• [About this task] Take the records below and set down exactly the lines from the one with "10 basic tips to choose right ecommerce" to the one with "Regional Resource Library Catalogue", ends included; do not copy the pictures.

• [Recorded data]
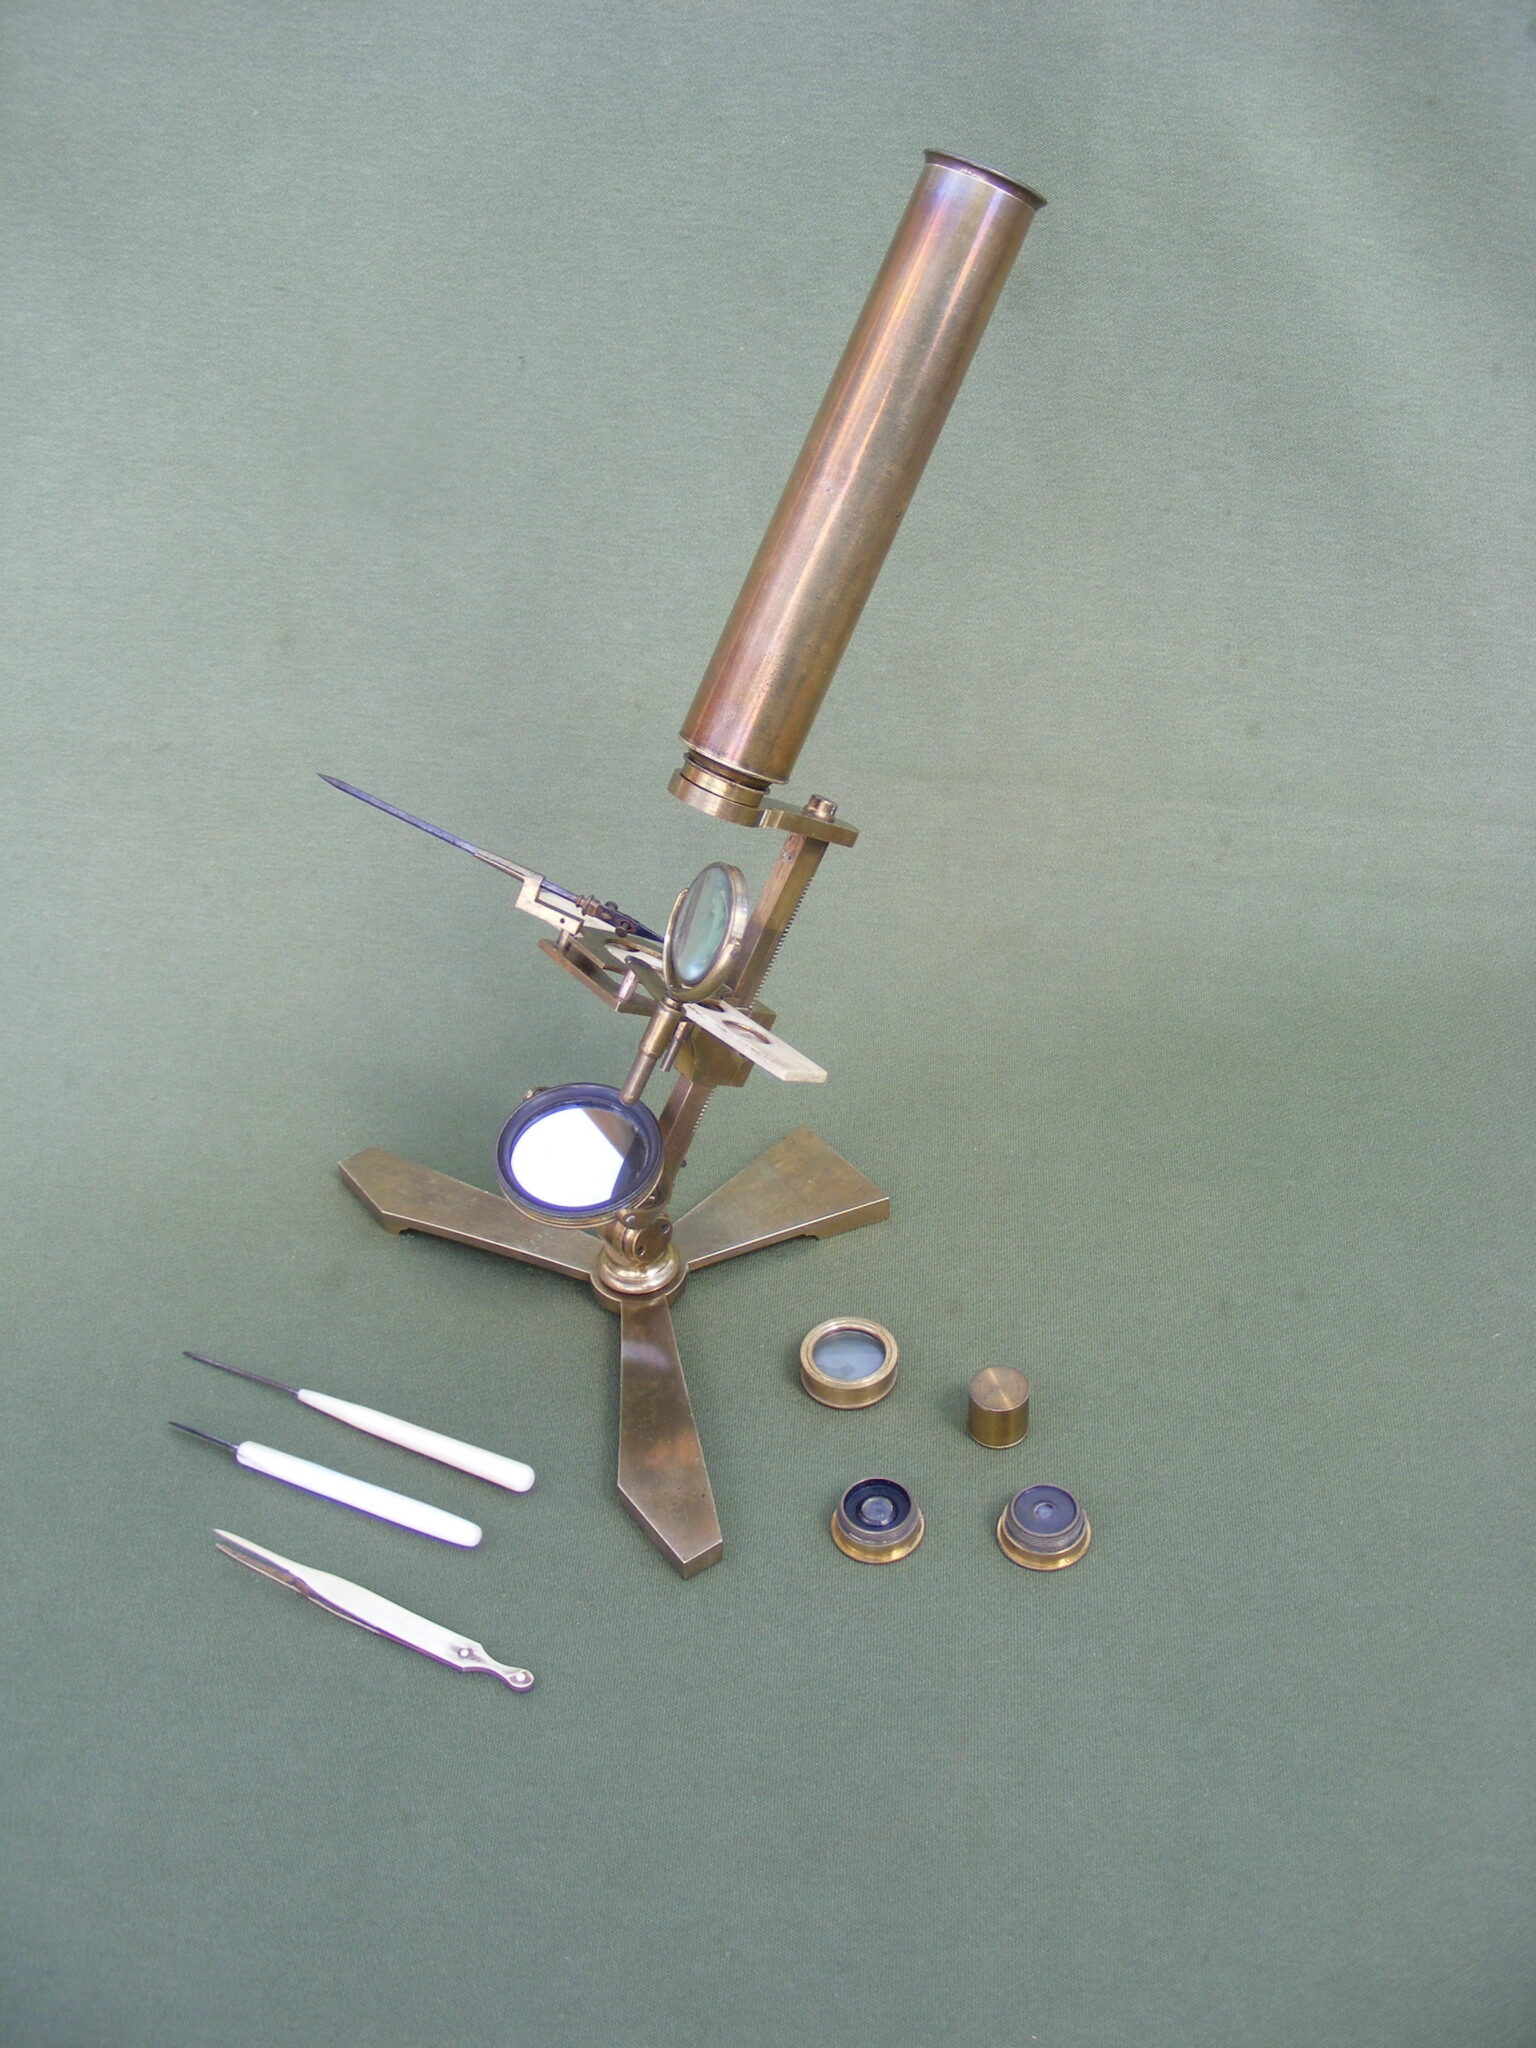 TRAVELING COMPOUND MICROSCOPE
--
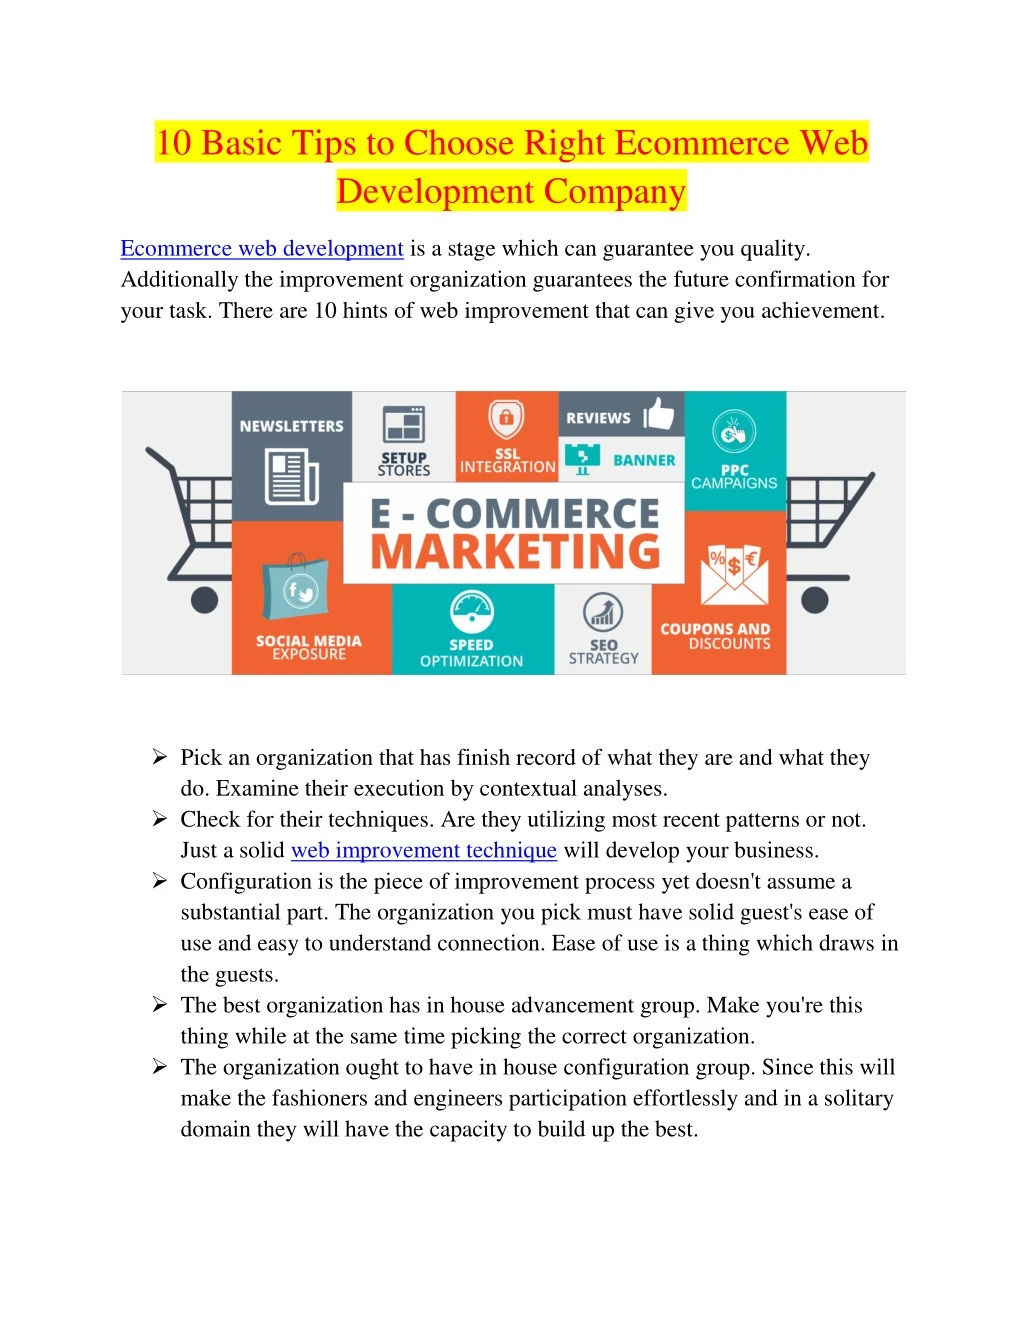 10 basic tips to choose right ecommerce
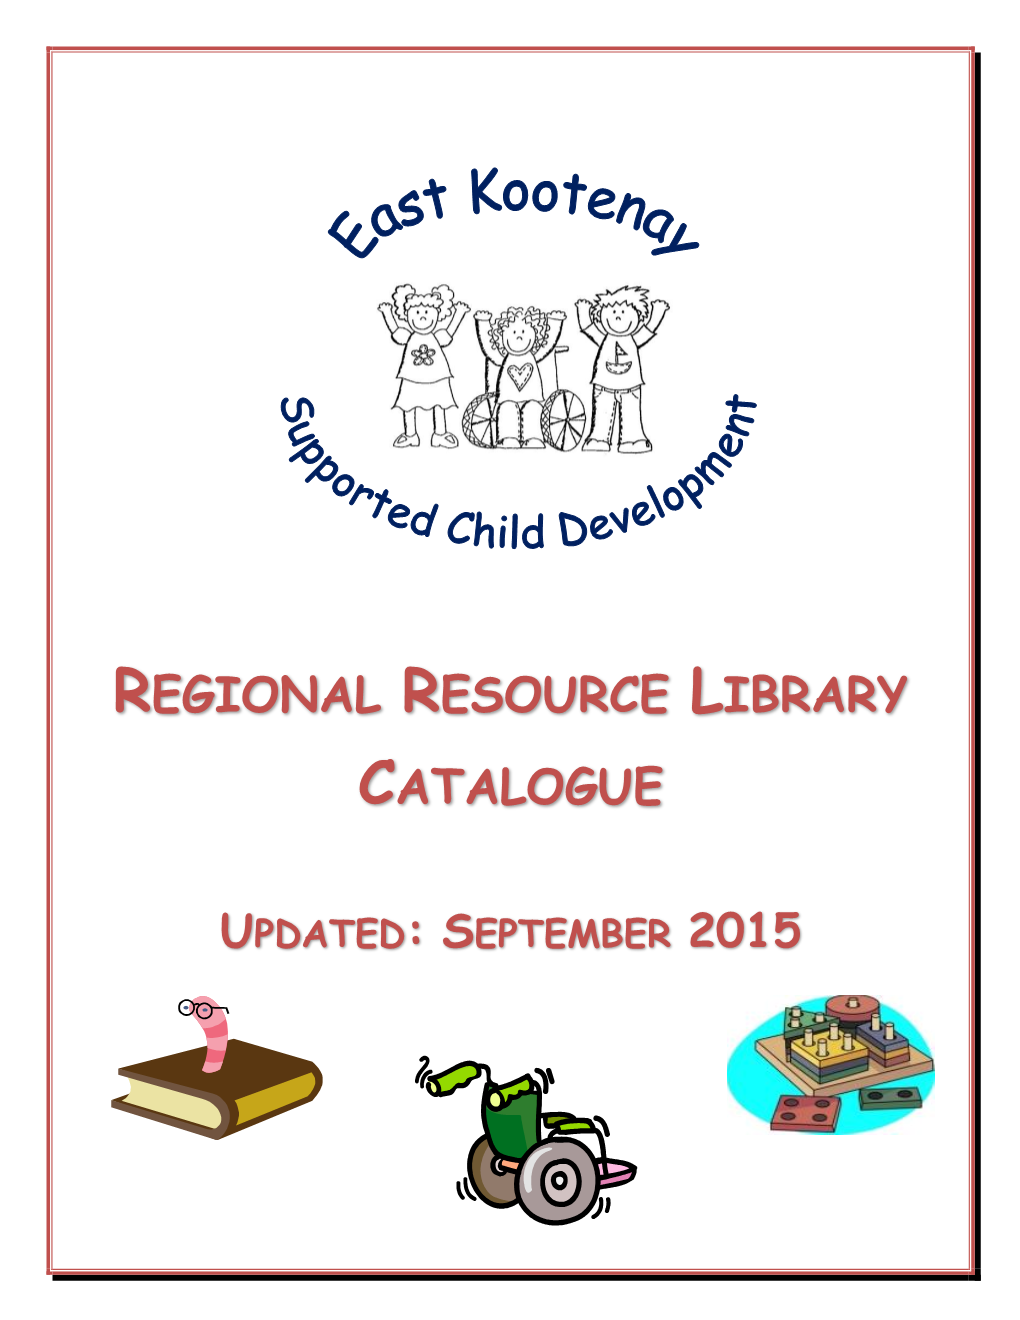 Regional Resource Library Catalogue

• [Answer to the problem]
 10 basic tips to choose right ecommerce
 Regional Resource Library Catalogue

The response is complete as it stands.